I use iptraf to monitor the network traffic in linux, and the shell command is(make iptraf running in background):
iptraf -s eth0 -f -B -L ./traffic.dat
if I want to get the result, I have to stop iptraf first, so I use the shell command:
kill -SIGUSR2 $pid
however, I could not stop iptraf if I move these shell commands into a bash script file(net.sh), and I get an error:
kill: SIGUSR2: invalid signal specification
I use 'kill -l' in the script file(net.sh), and I find there is no parameter which name is SIGUSR2. and I would get nothing if I use USR2 or -9.
the complete script file is:
iptraf -s eth0 -f -B -L ./temp.txt
pid=`ps -ef | grep iptraf | grep -v grep | awk '{print $2}'`
kill -USR2 $pid
cat temp.txt
I get nothing after these commands.
what shoud I do if I want to get the result?

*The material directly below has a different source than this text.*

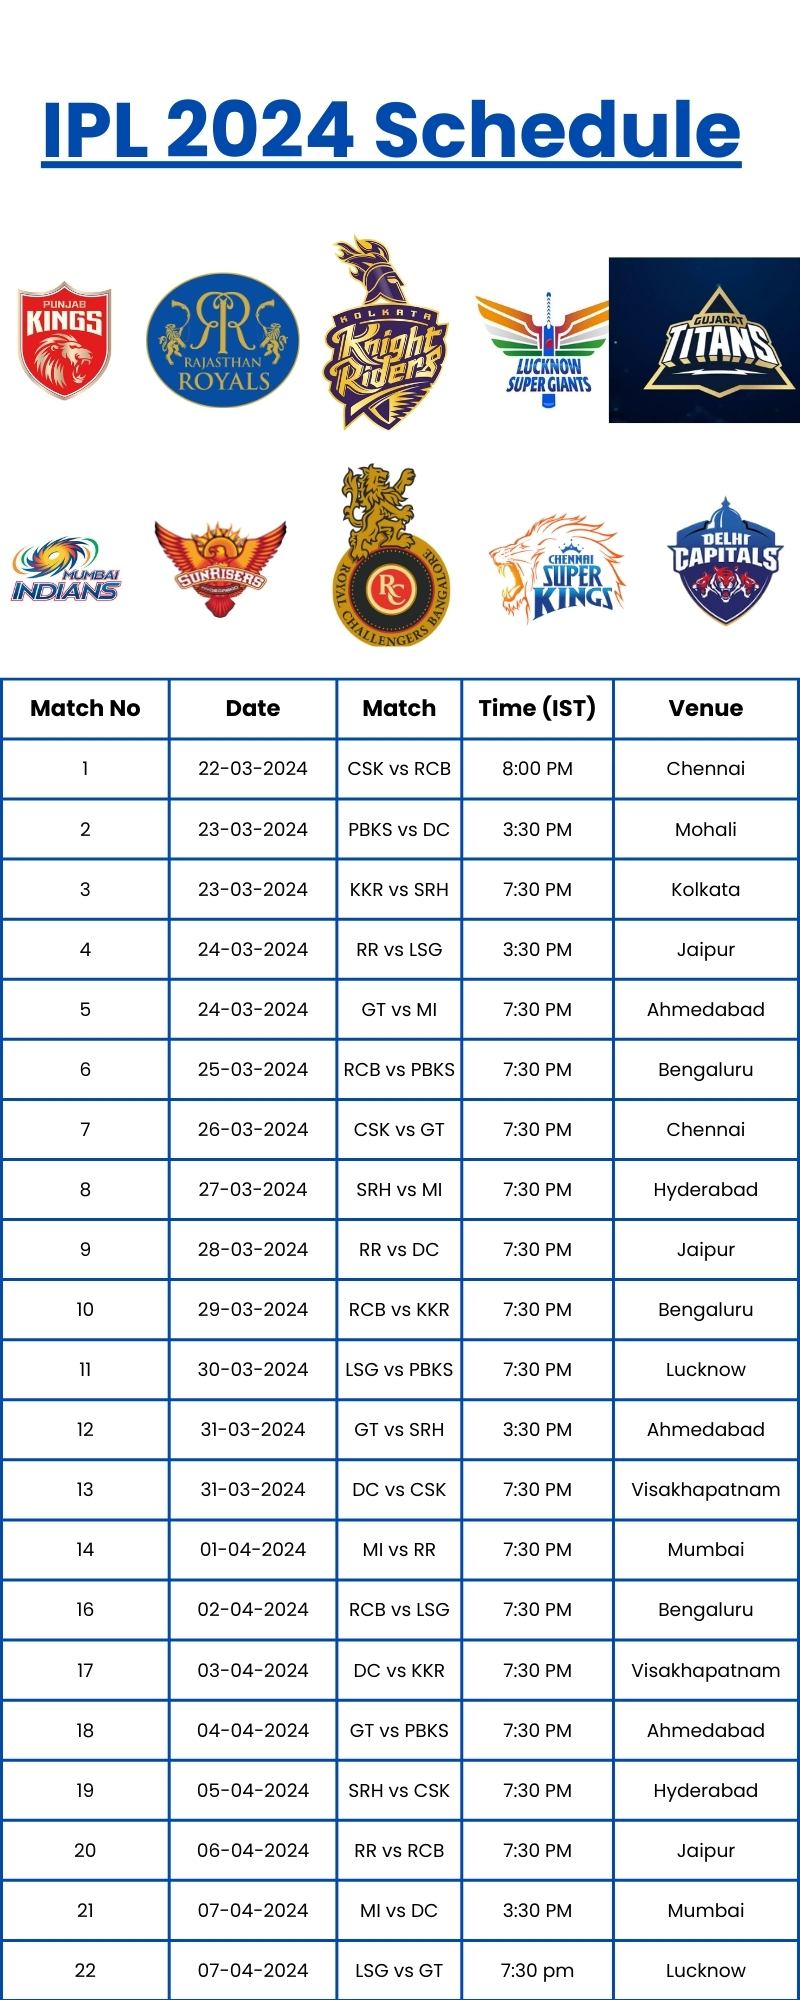 ipl 2024 schedule image for the 1st 2 weeks

Cross-platform way to do this: use -s
without the SIG
prefix. E.g.,:
kill -s USR2 $pid
This seems to work on both MacOS and linux.
SIGUSR2
is architecture depended and can have a value out of 31
, 12
or 17
. This is described in man 7 signal
. You'll have to find out which value is appropriate for your system. Usually this is done by having a look into:
/usr/include/asm/signal.h
On my system - Ubuntu 12.04 AMD 64 - it has a value of 12
:
#define SIGUSR2 12
Once you know the proper numeric value for SIGUSR2
on your system, you can send this signal using:
kill -SIGNO PID
# In this case
kill -12 PID
On my Linux box it works.
I ran an infinite loop (pid = 4574), then I ran
#!/bin/bash
kill -l | grep USR2
kill -SIGUSR2 4574
kill -l has showed the signal and kill -SIGUSR2 has sent the signal (killing the process).
Check if you are running Bash or some other shell (e.g., dash, busybox, etc.)